Given information Start Marker

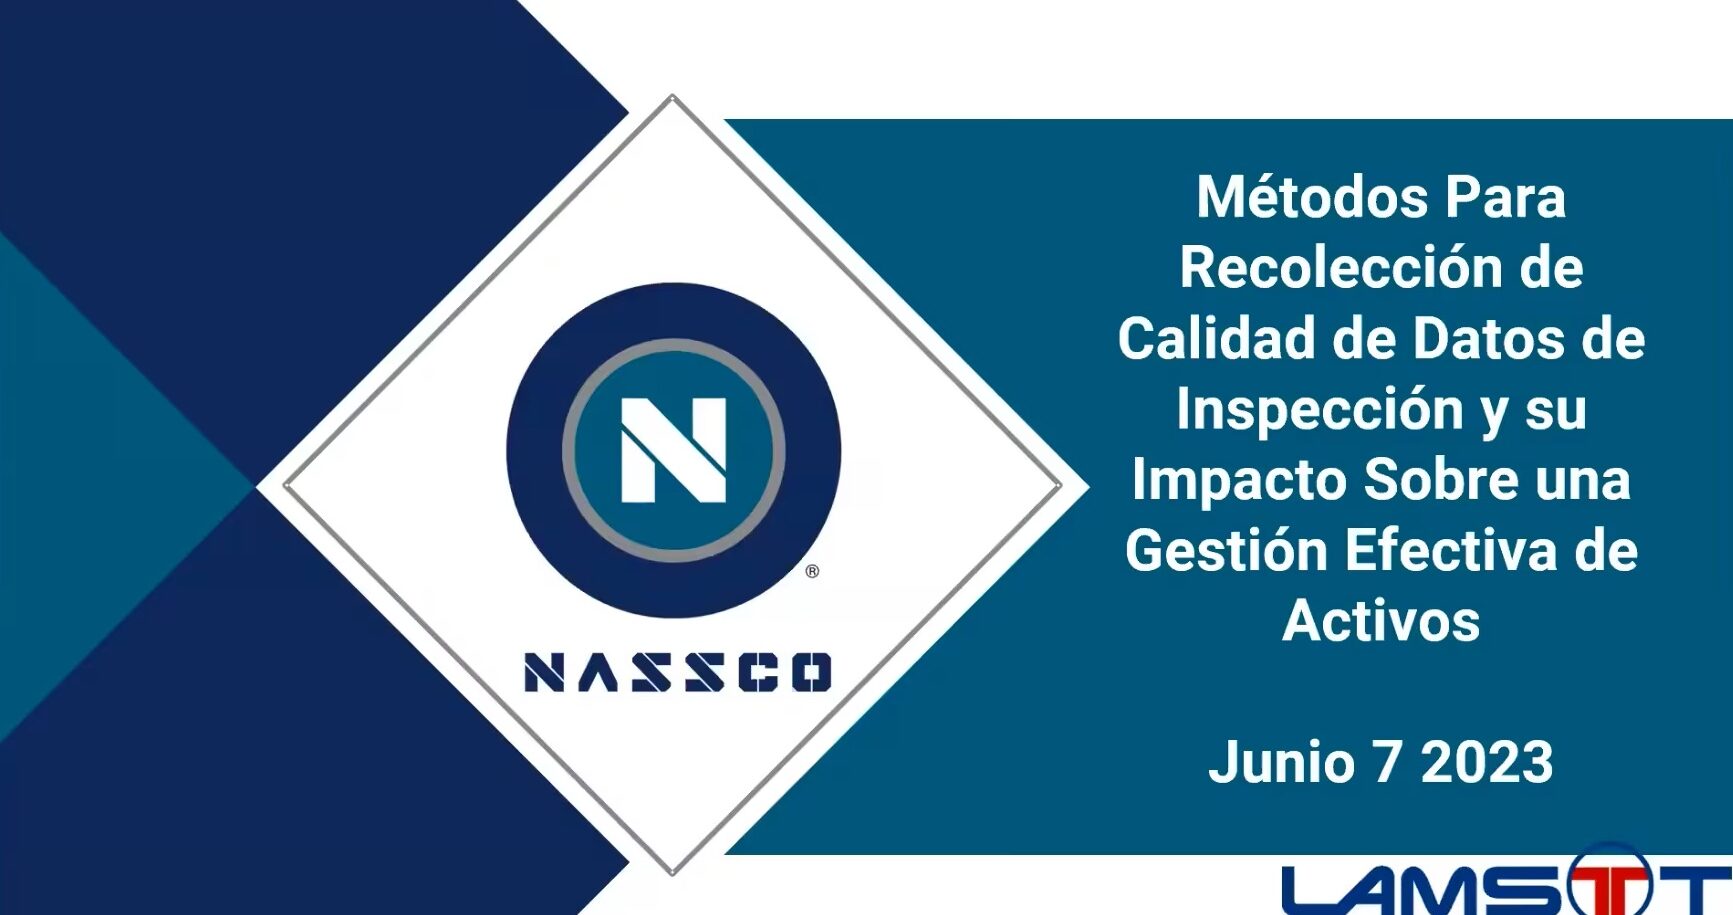 NASSCO’s Metodos Para Recoleccion de Calidad de Datos de Inspeccion y su Impacto Sobre una Gestion Efectiva de Activos
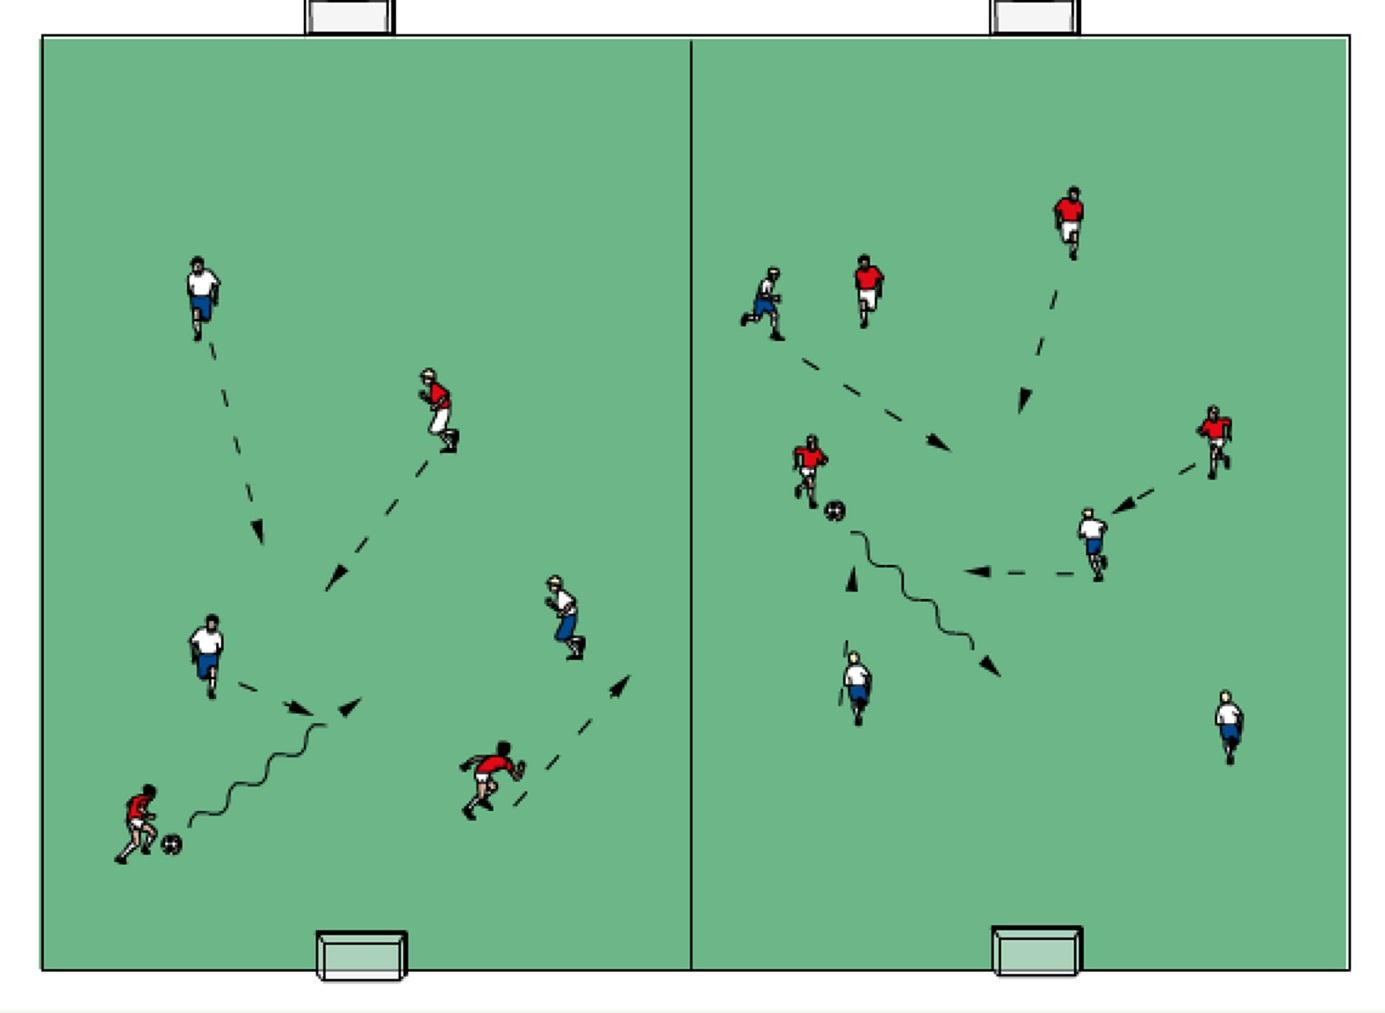 4) Mała gra 3x3 lub 4x4 8 min; 5) Zawodnicy podzieleni na pary, każda para posiada piłkę oraz bramkę utworzoną z pachołków, od
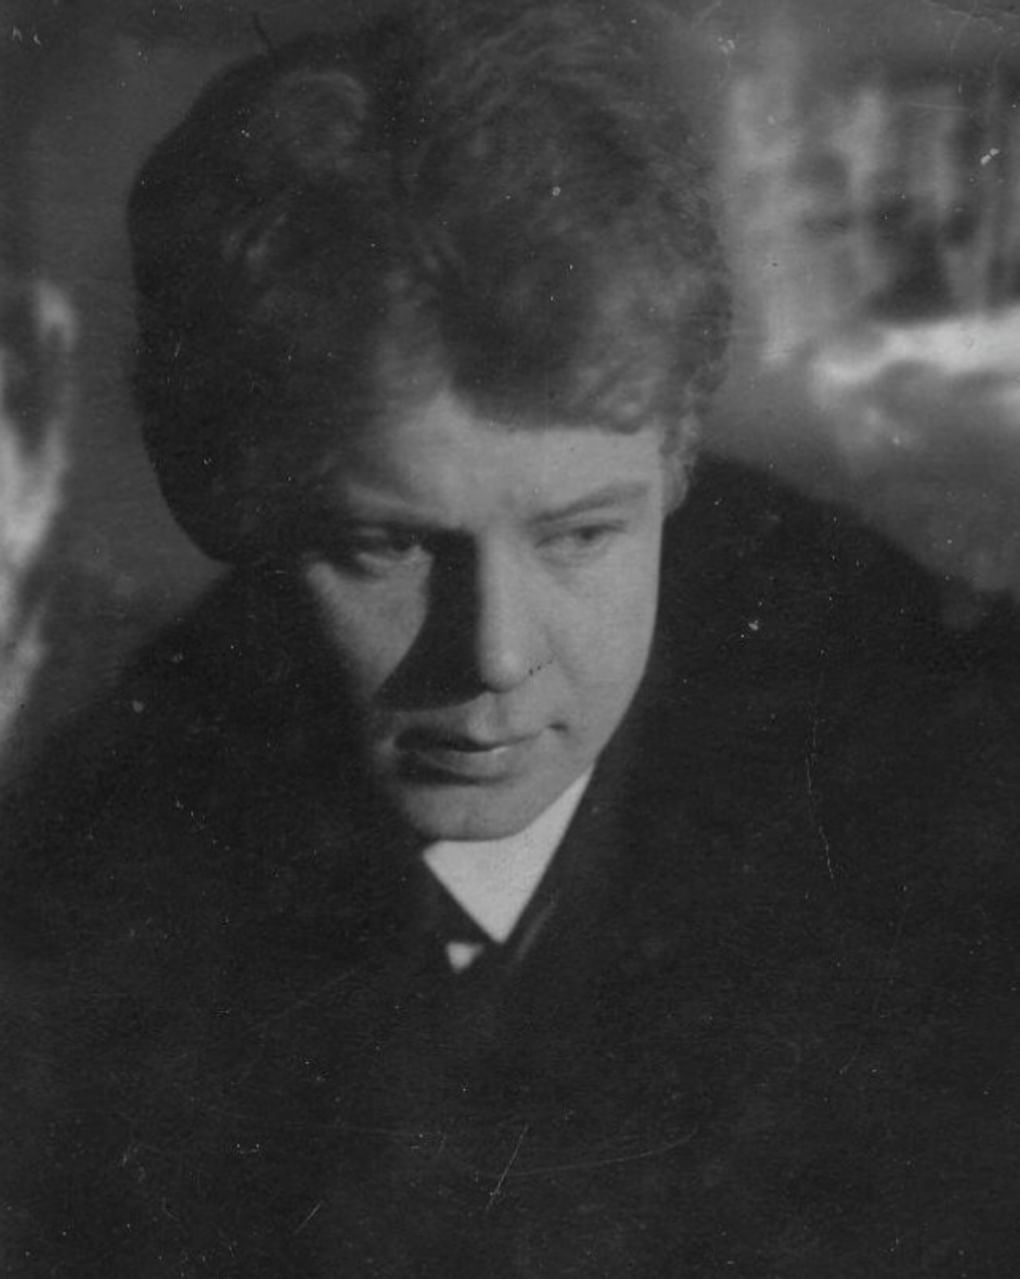 Сергей Есенин: биография жизни и трагической смерти поэта
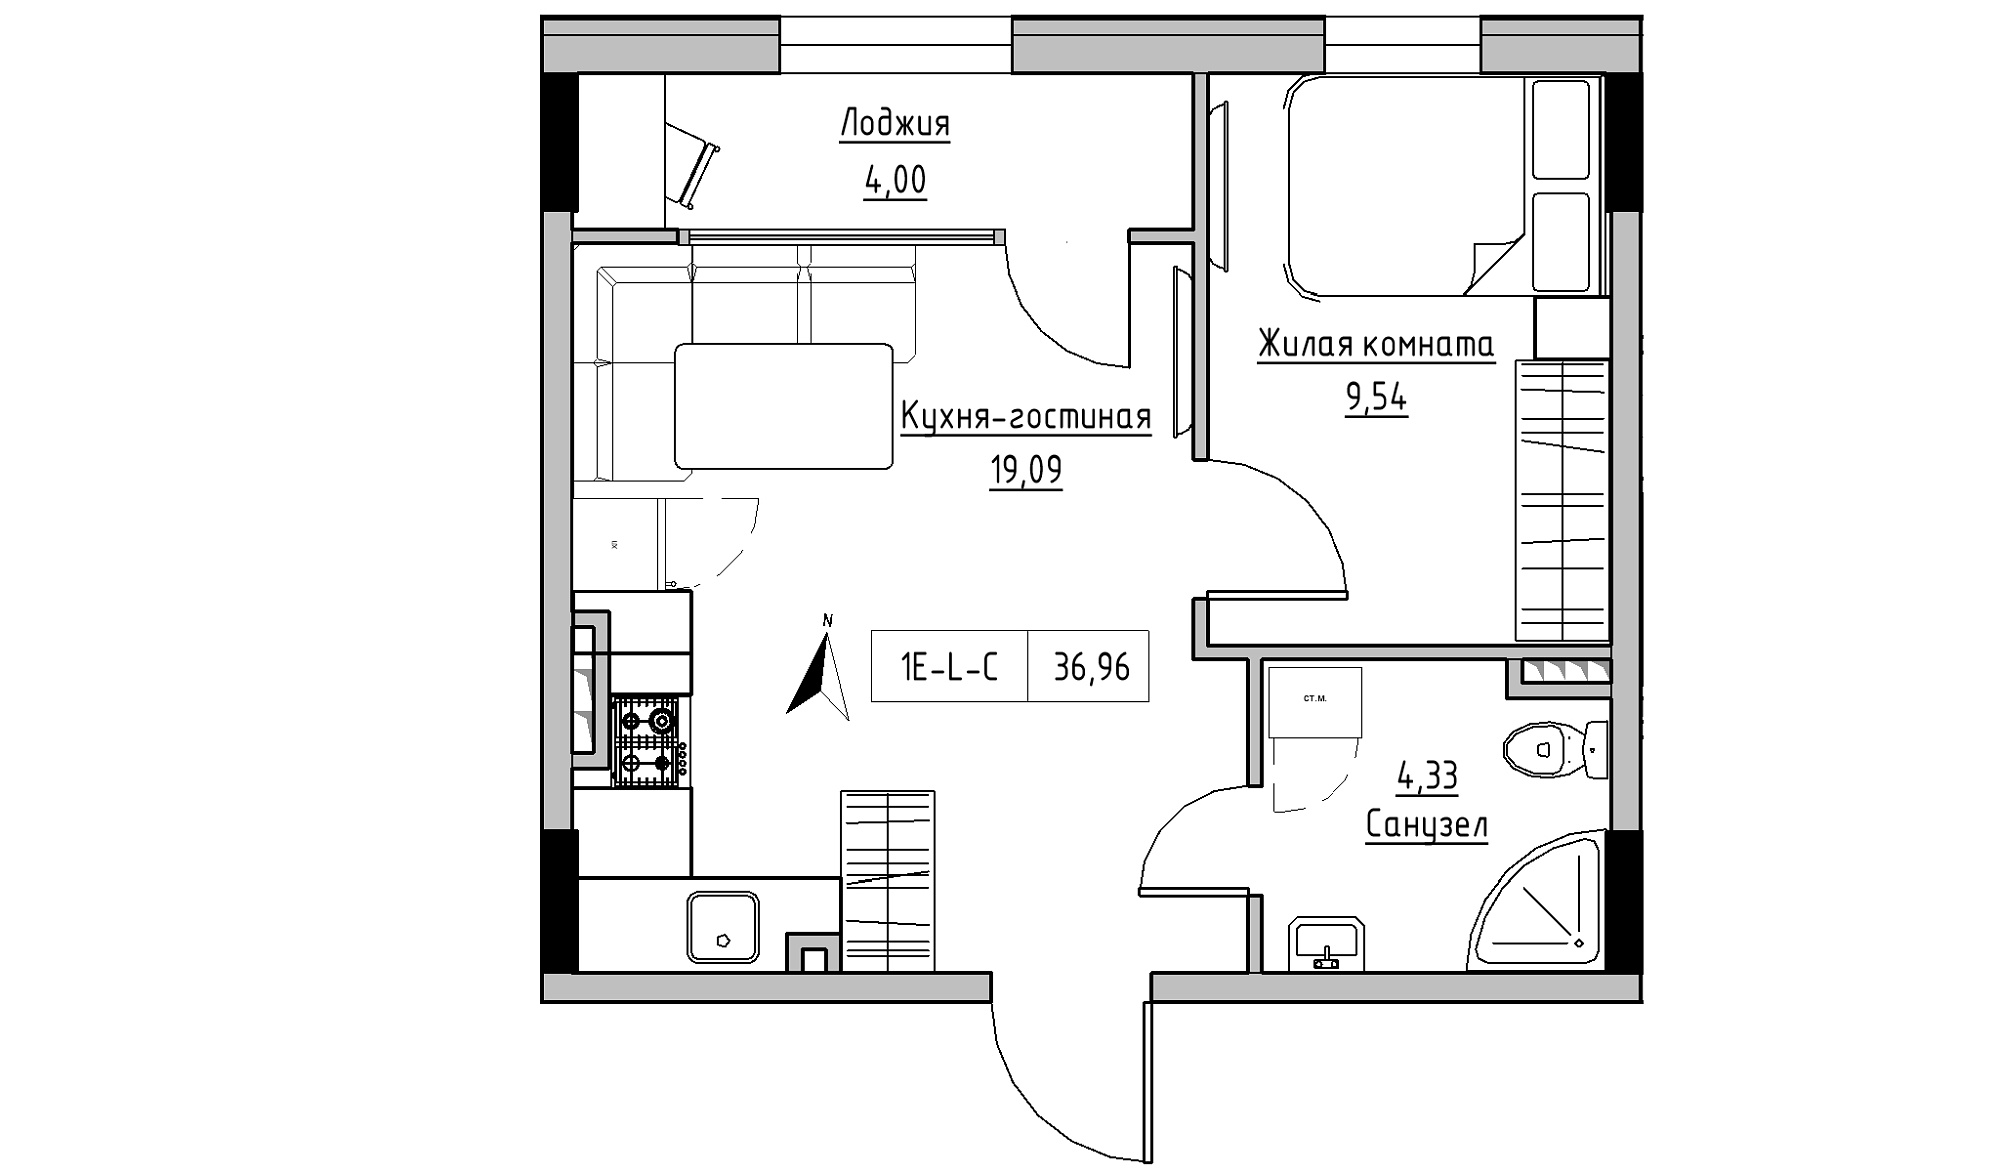 Планировка 1-к квартира площей 36.96м2, KS-025-03/0008.

Given information End Marker

Skipping all pictures, set the listing down exactly as written.

 NASSCO’s Metodos Para Recoleccion de Calidad de Datos de Inspeccion y su Impacto Sobre una Gestion Efectiva de Activos
 4) Mała gra 3x3 lub 4x4 8 min; 5) Zawodnicy podzieleni na pary, każda para posiada piłkę oraz bramkę utworzoną z pachołków, od
 Сергей Есенин: биография жизни и трагической смерти поэта
 Планировка 1-к квартира площей 36.96м2, KS-025-03/0008.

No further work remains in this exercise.